Now, however, some CSOs have moved away from a role centered on messaging and instead are spearheading the true integration of material ESG (environmental, social, and governance) issues into corporate strategy. This pivotal change requires close collaboration with other members of the senior leadership team and active engagement with investors. Two factors have helped spur this transition. First, investors and executives increasingly recognize that sustainability is a significant factor in company financial performance. Second, a rising political backlash in the United States against investors who incorporate ESG into their decision-making processes has emerged, with some on the right framing this practice as woke capitalism and some on the left as an insufficient response to global challenges. That has prompted CSOs to change their focus from public communication and outreach to more direct interactions with key stakeholders and investors.

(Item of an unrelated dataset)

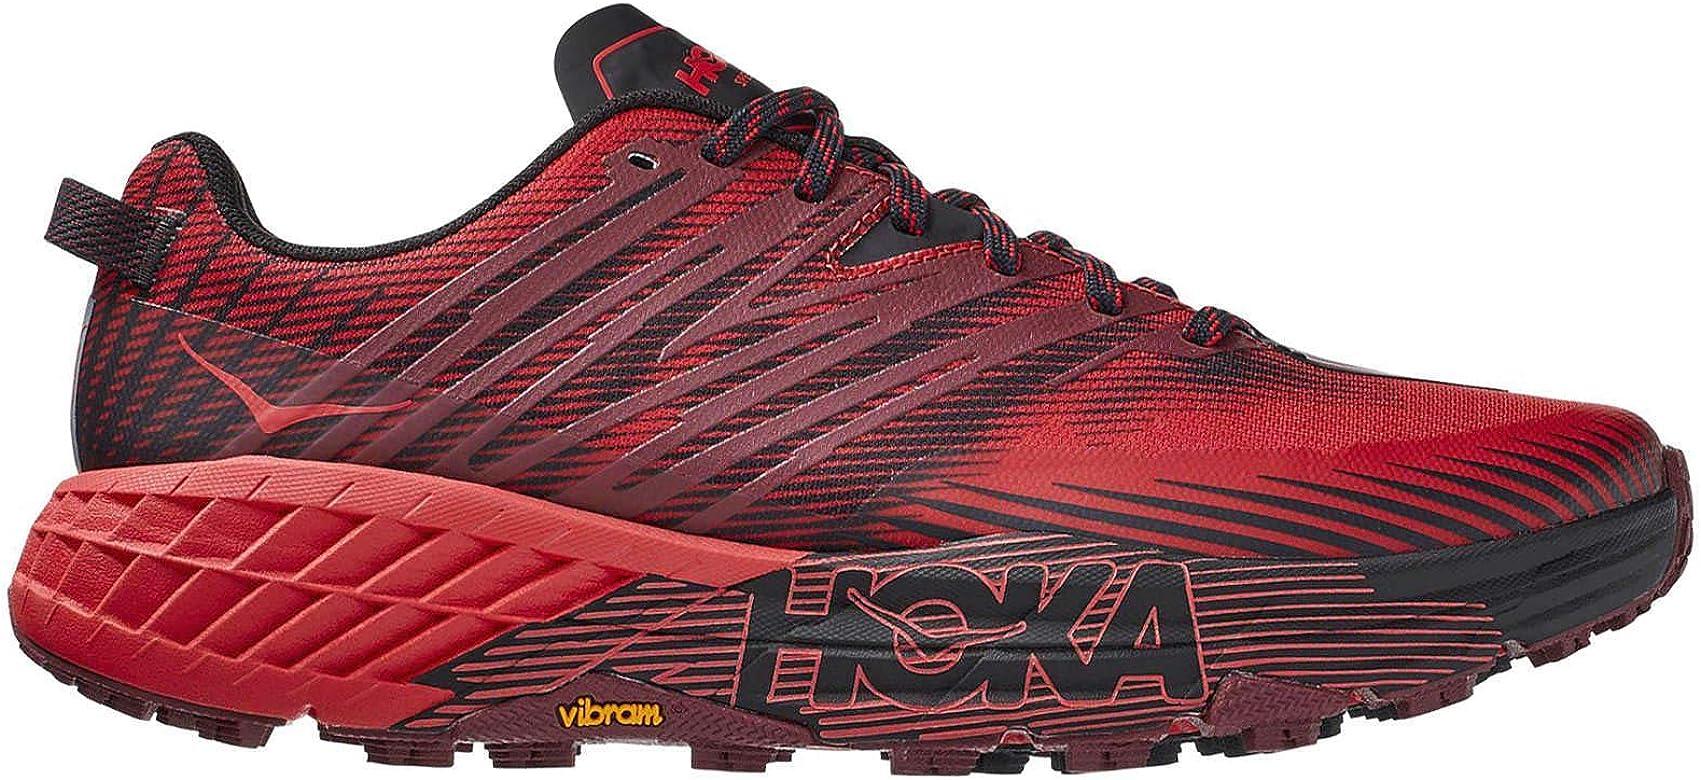 Hoka One One Hombre Speedgoat 4 Textile Synthetic Cordovan High Risk Red Entrenadores 40 2/3 EU: Amazon.es: Zapatos y complementos

To date, there has been little substantive discussion on the need to professionalize and formalize the CSO role. Rather, there has been a lot of vague advice on the role, including suggestions that the CSO should take responsibility for all stakeholder interactions, and even innovation and organizational culture. The CSO has thus been charged with being all things to all people, and expectations about the role are both incoherent and grandiose.
A 2018 study conducted by one of us (Alison) found significant barriers to the professionalization of the CSO role, including enormous inconsistency across sectors, a lack of role clarity, and insufficient access to power and resources. Those barriers are now starting to fall. We recently interviewed 29 CSOs across a diverse collection of industries and countries and held discussions with 31 investors, and we found a noticeable shift in the authority and focus of the sustainability function. One visible manifestation of the shift is that CSOs are now more involved in investor meetings, and investors are embracing this change. The shift to a more central role for CSOs is most dramatically revealed in companies undergoing major business transformations in response to existential challenges. Many are in controversial sectors, and some are empowering the sustainability function as a response to historic mismanagement of their most negative external impacts.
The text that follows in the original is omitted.